C’è qualcosa nel ministero petrino di Francesco che, per la sua stessa natura, è difficile da delineare a parole. Qualcosa che segna una sorta di rottura o scarto: le cose non stanno più come prima, e di questo riusciamo ad accorgercene in molti. Non si tratta tanto di contenuti, ma di stile d’esercizio del proprio ministero e dell’aderenza di Francesco a questo stile. Dopo quasi cinque anni, anche i critici più puntigliosi non possono non riconoscere che lui è proprio così. Un uomo reale in situazioni reali. Un uomo che è davvero nei luoghi in cui va, siano questi geografici o di vissuto umano del nostro tempo.

È questo che rende difficile, o meglio inadeguata, l’iscrizione dei suoi gesti e delle sue parole in un testo fisso che esce dal contesto della sua genesi. Quello che così non si riesce a registrare è la qualità dell’ascolto, la densità di un incontro, il desiderio di un’effettiva reciprocità. Francesco stesso ne è consapevole e, credo, talvolta vive tutto questo come una sospensione indebita di quell’aderenza di cui facevo cenno sopra. In molte occasioni ha lasciato da parte il testo ufficiale preparato per parlare a braccio. «Quello lo potete leggere dopo…», dice; adesso vorrei parlare a voi, anzi vorrei che parlassimo tra noi – è quanto accade non appena appoggia i fogli del discorso ufficiale.

Intenzione, quest’ultima, che permane spesso anche quando legge – come è accaduto a Bologna in occasione dell’incontro con il mondo universitario.
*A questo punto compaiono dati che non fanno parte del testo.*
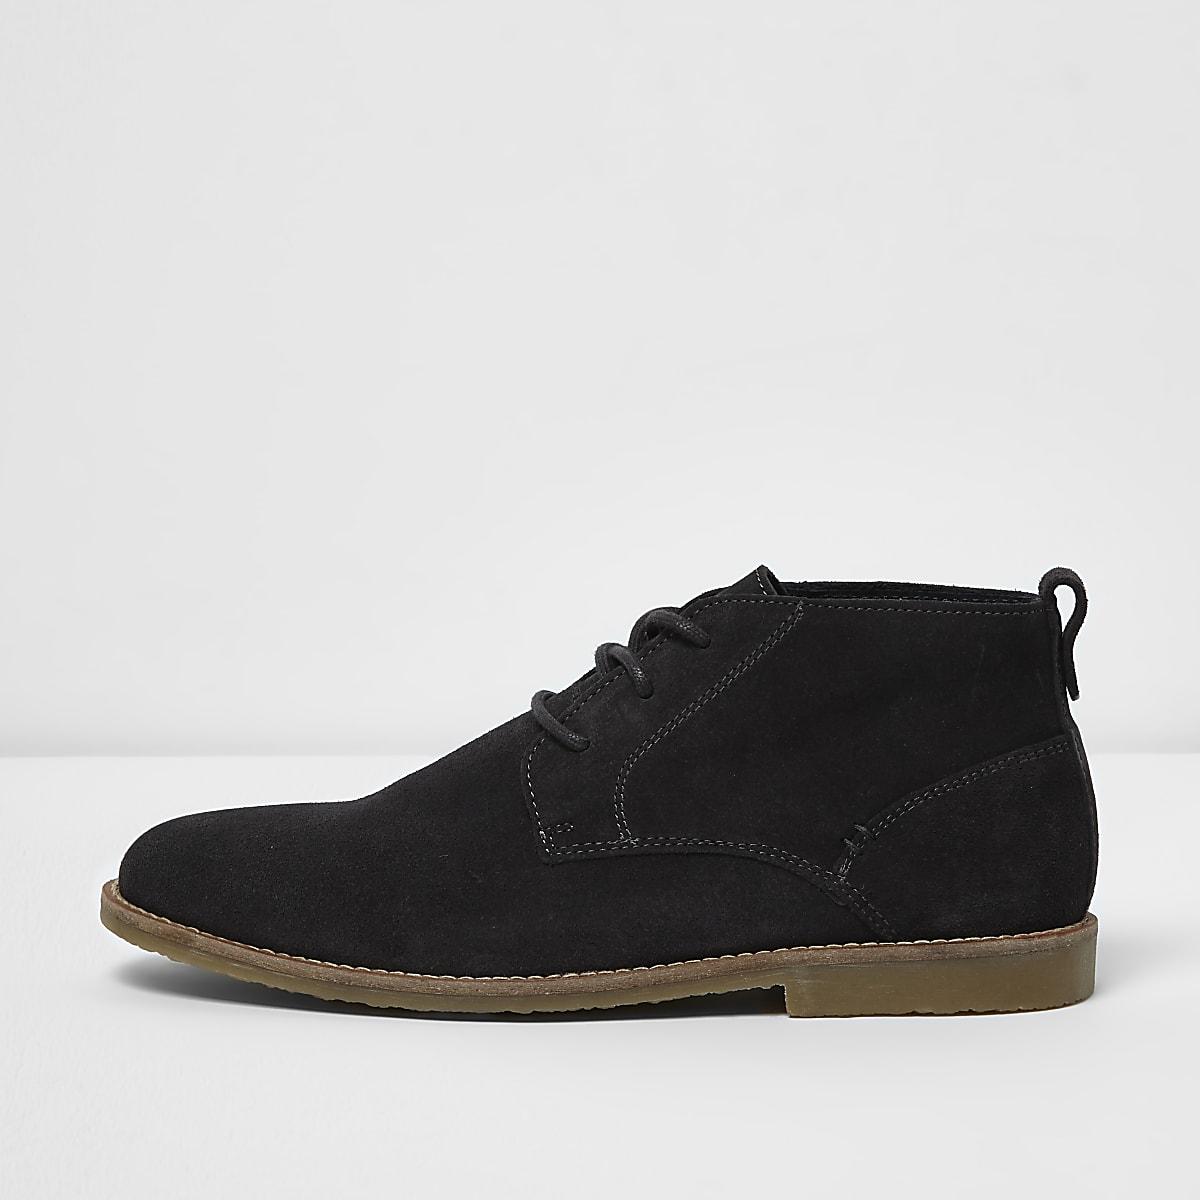 02291311699 Dark grey wide fit suede desert boots - Boots - Shoes   Boots - men

Di questo momento ci rimangono il testo e la registrazione video di quanto accaduto in Piazza San Domenico (che vi consiglio di vedere, magari proprio adesso, prima di andare avanti a leggere questo articolo). Un testo breve ma intenso, quello destinato all’Università bolognese; che Francesco ha accompagnato in un cammino di memoria per tenere deste oggi davanti a essa le idealità delle origini. Perché davanti all’onnipotenza del nuovo a ogni costo, l’esercizio della memoria rappresenta un bene «prezioso da coltivare» di continuo.

All’università, soprattutto quella italiana, che ha fatto del laicismo un suo cavallo di battaglia, il papa si rivolge come ad amici; amici cari a lui, e alla Chiesa che rappresenta, perché nell’università Francesco coglie un potenziale inedito per la declinazione di un umanesimo contemporaneo, rivendicando per le generazioni più giovani un «diritto alla speranza». Che è poi il diritto a legami duraturi che non si consumano e non possono essere commercializzati. Di qui l’invito a uscire, resistendovi, da ogni logica mercantile del sapere. Il sapere non commerciabile, che non si genera come servitù dell’idolo del denaro, è «custodia della cultura».
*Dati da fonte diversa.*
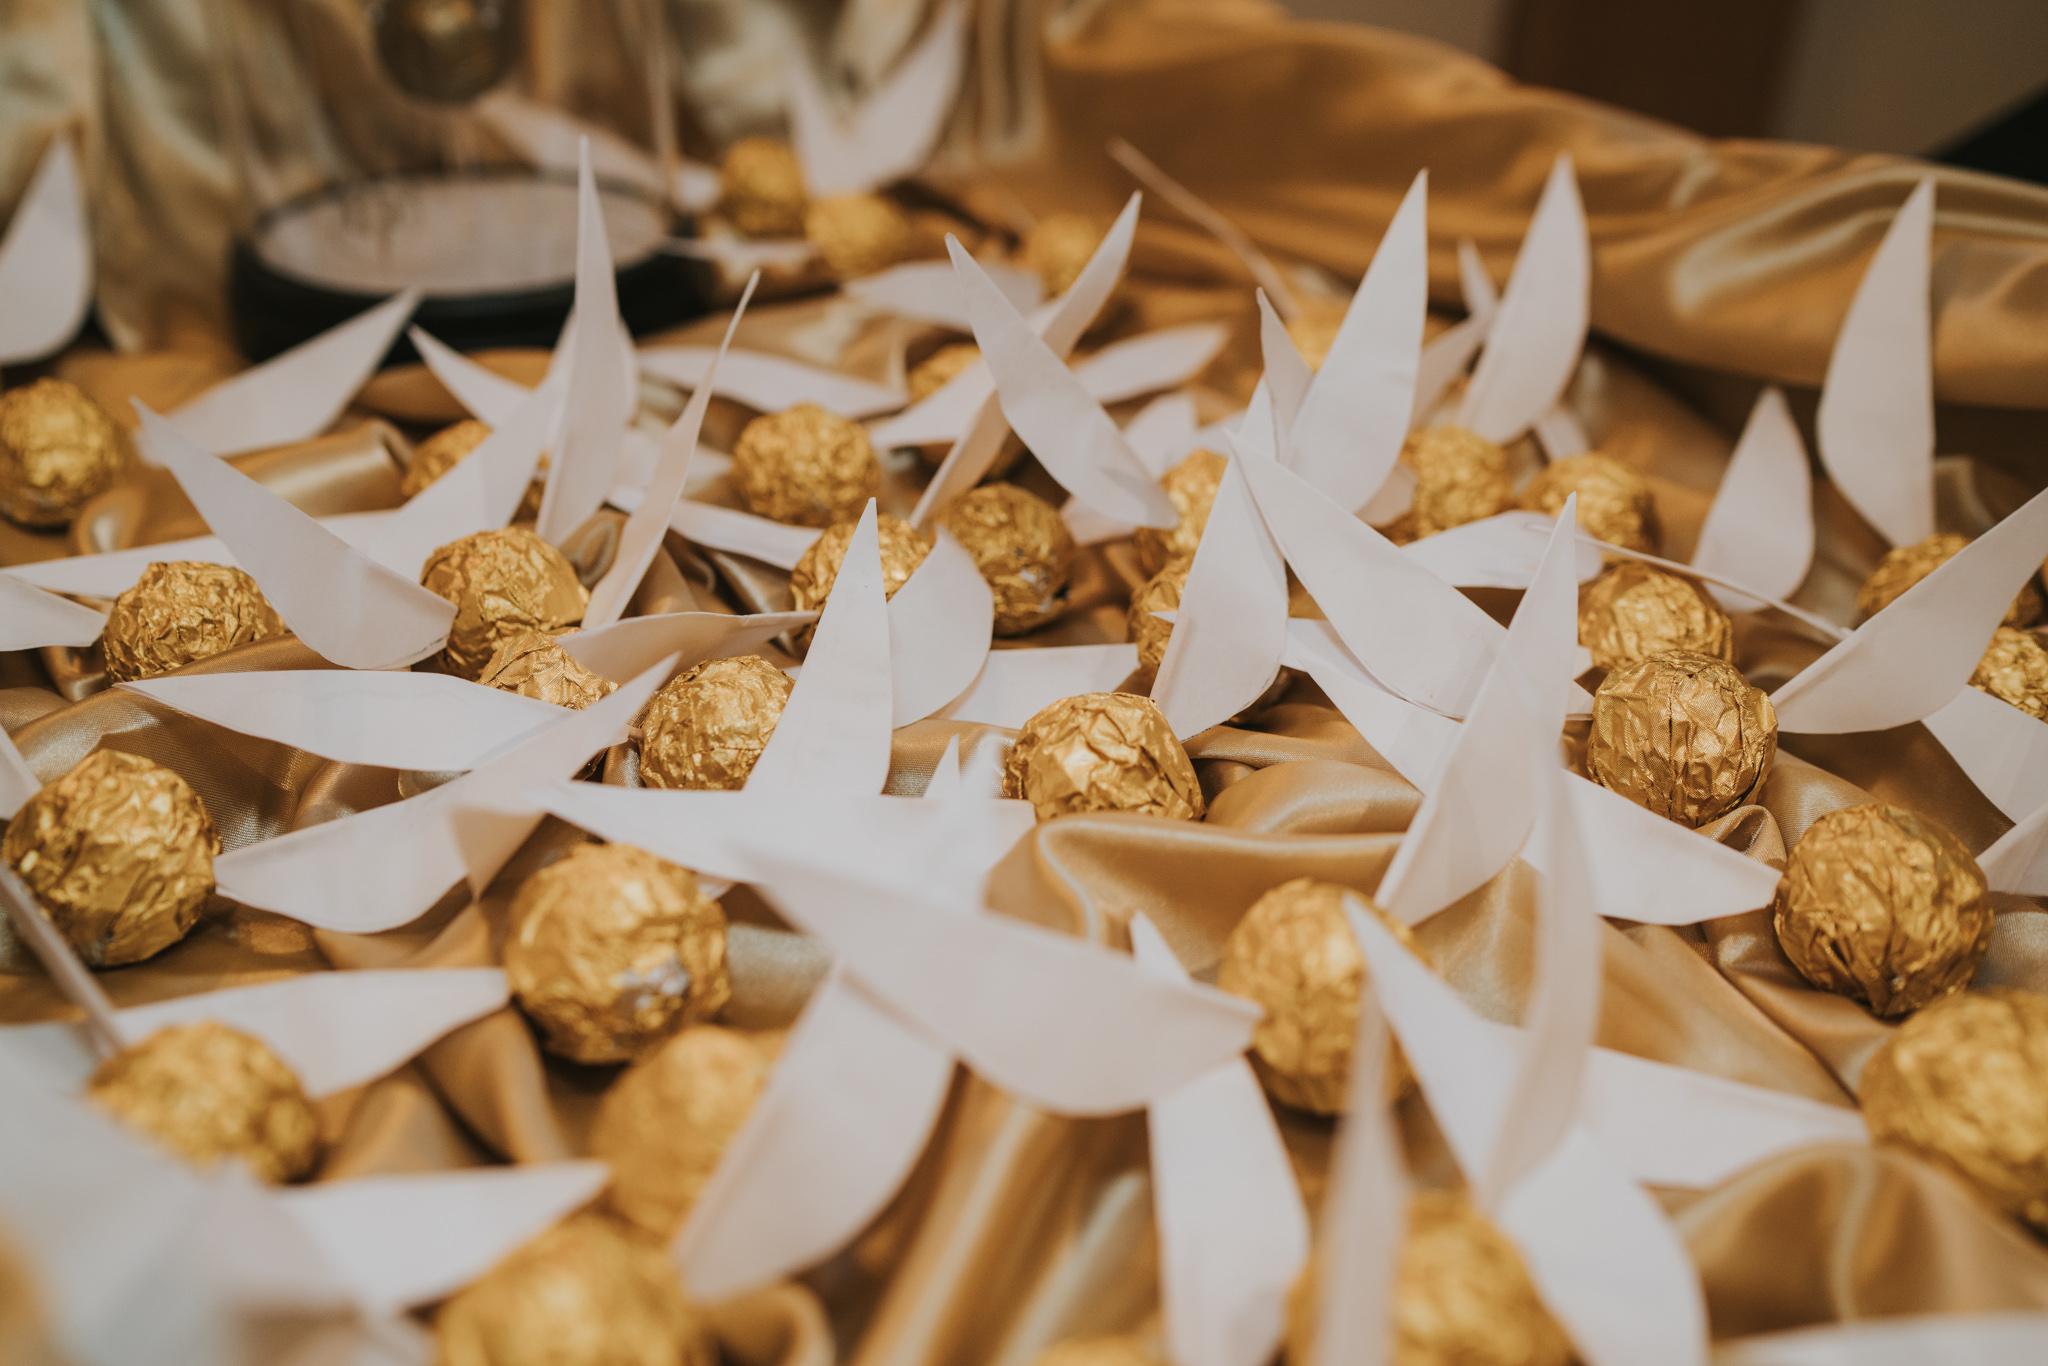 rhia-james-rustic-crabbs-barn-vintage-50s-retro-wedding-grace-elizabeth-colchester-essex-alternative-relaxed-wedding-family-photography-devon-suffolk-norfolk-essex (53 of 138).jpg

«Perché il sapere che si mette a servizio del miglior offerente, che giunge ad alimentare divisioni e a giustificare sopraffazioni, non è cultura. Cultura – lo dice la parola – è ciò che coltiva, che fa crescere l’umano». In questo camminare tra i secoli, congiungendo origini e presente, Francesco ha sottolineato in maniera particolare la figura del diritto: «L’Università è sorta qui per lo studio del diritto, per la ricerca di ciò che difende le persone, regola la vita comune e tutela dalle logiche del più forte, dalla violenza e dall’arbitrio. È una sfida attuale: affermare i diritti delle persone e dei popoli, dei più deboli, di chi è scartato, e del creato, nostra casa comune».
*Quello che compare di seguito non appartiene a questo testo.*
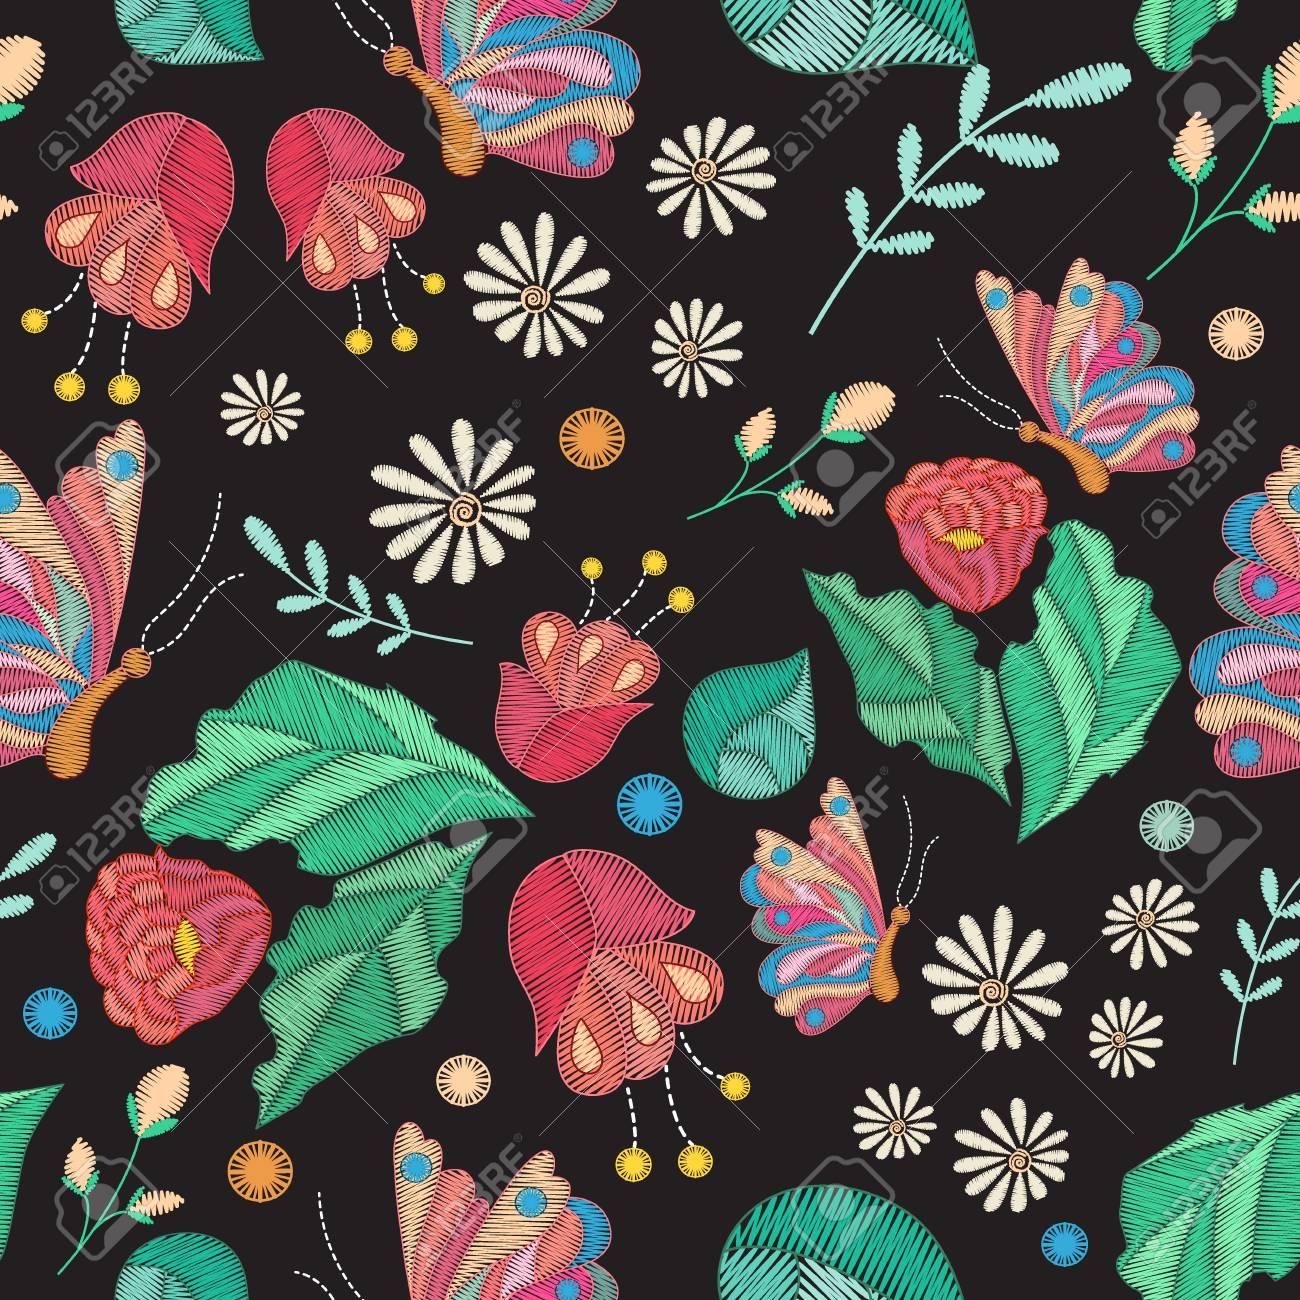 Vector Textura Perfecta Con Diseño De Bordado. Patrón Floral ...

In questo breve discorso alla comunità universitaria bolognese non si fa fatica a ritrovare tutti i temi maggiori che stanno a cuore a Francesco fin dall’inizio del suo ministero petrino. Temi che si radicano nella fede e nell’esperienza cristiana, sui quali però nessuno ha l’esclusiva – nemmeno la Chiesa. Francesco è in cerca di amici per stringere alleanze cordiali a custodia creativa dell’umanesimo europeo. Ha incontrato l’Università di Bologna con questo spirito e con questa intenzione. Sta ora all’accademia dei saperi decidere se entrare nel gioco di questa alleanza amica, da cui non deve temere nessuna colonizzazione e attraverso la quale potrebbe trovare una sponda per custodire la memoria delle origini – affinché essa non venga inghiottita da quelle logiche di consumo e sfruttamento che finiranno, prima o poi, col fare anche dell’università uno scarto, dopo averne dissanguato il patrimonio migliore a proprio uso e consumo.